EbvalloTM Positioned to be the First Allogeneic
T-Cell Therapy Ever Approved Following CHMP Positive Opinion
New ATA188 Biomarker Imaging Data Show Less
Brain Atrophy and Possible Remyelination in Patients Achieving
Confirmed Disability Improvement in Progressive MS
Phase 1 Study of ATA2271 Enrollment Resumed
Conference Call and Webcast Today at 1:30 p.m.
PST / 4:30 p.m.
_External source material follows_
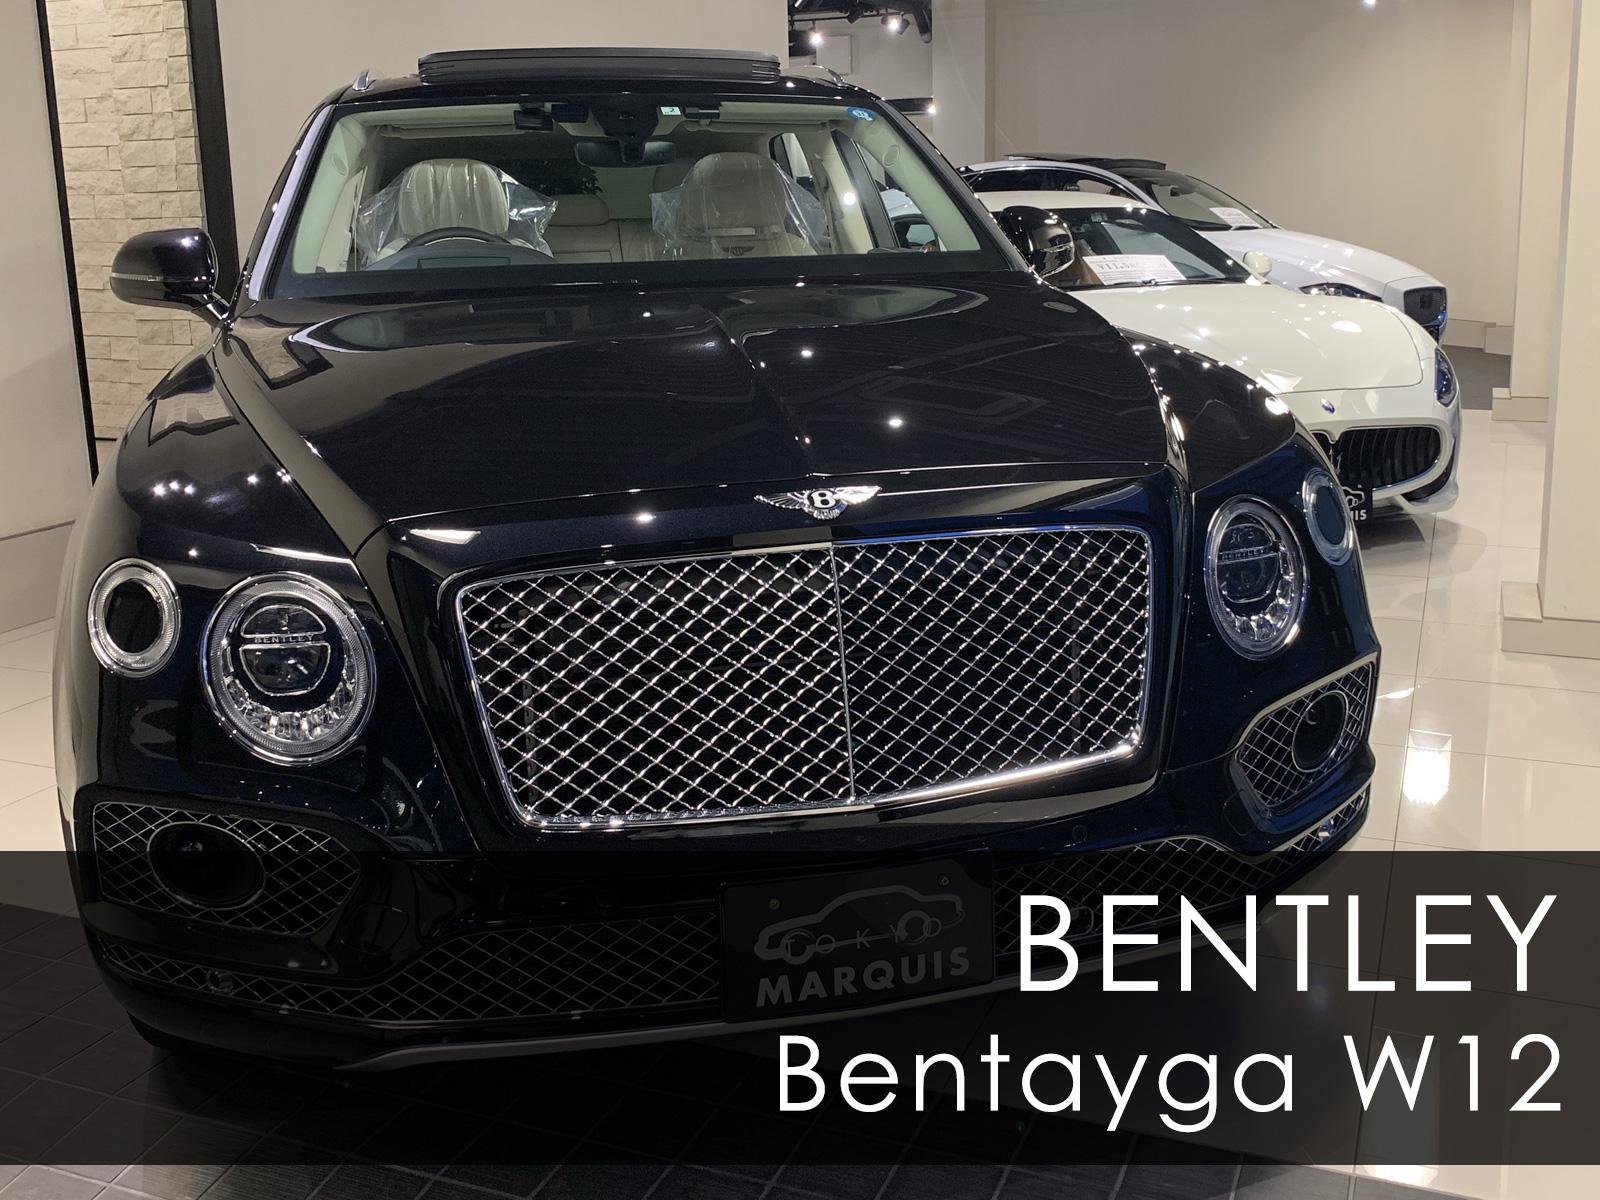 ベントレーSUV ベンテイガ(ベンタイガー)W12 オニキスブラック 購入販売はマーキーズ/東京へ!【中古車情報/価格/即納】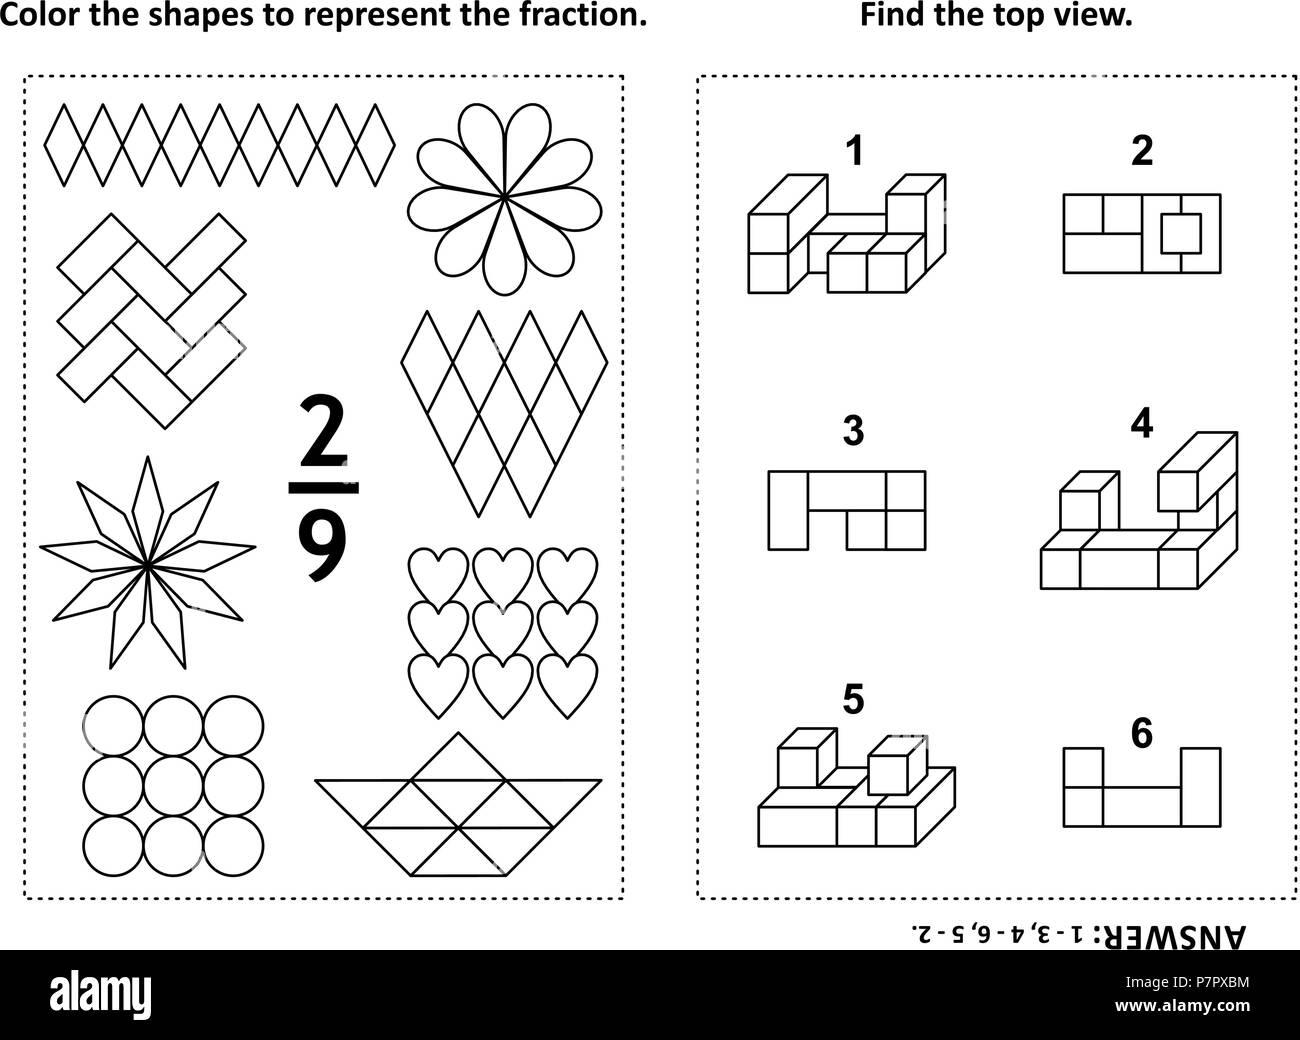 Dos visual acertijos matemáticos y páginas para colorear. Las formas ...

EST
Atara Biotherapeutics, Inc. (Nasdaq: ATRA), a leader in T-cell
immunotherapy, leveraging its novel allogeneic EBV T-cell platform
to develop transformative therapies for patients with cancer and
autoimmune diseases, today reported financial results for the third
quarter 2022, recent business highlights, and key upcoming
catalysts.
“Receiving the positive CHMP opinion for EbvalloTM
(tabelecleucel) positions our product to be the first-ever approved
allogeneic off-the-shelf T-cell therapy and provides important
validation for our EBV T-cell platform and portfolio,” said Pascal
Touchon, President and Chief Executive Officer of Atara. “We
continue to generate positive forward momentum across our programs,
punctuated by compelling new biomarker imaging and long-term
clinical data that further reinforce our belief in the
transformative potential of ATA188.”
Tabelecleucel (tab-cel® or EbvalloTM) for EBV-Associated
Ultra-Rare Cancers
- Atara received a positive opinion from the European Medicines
Agency’s (EMA) Committee for Medicinal Products for Human Use
(CHMP) for EbvalloTM as a monotherapy for treatment of adult and
pediatric patients two years of age and older with relapsed or
refractory Epstein‑Barr virus positive post‑transplant
lymphoproliferative disease (EBV+ PTLD)
- With CHMP positive opinion, the European Commission’s (EC)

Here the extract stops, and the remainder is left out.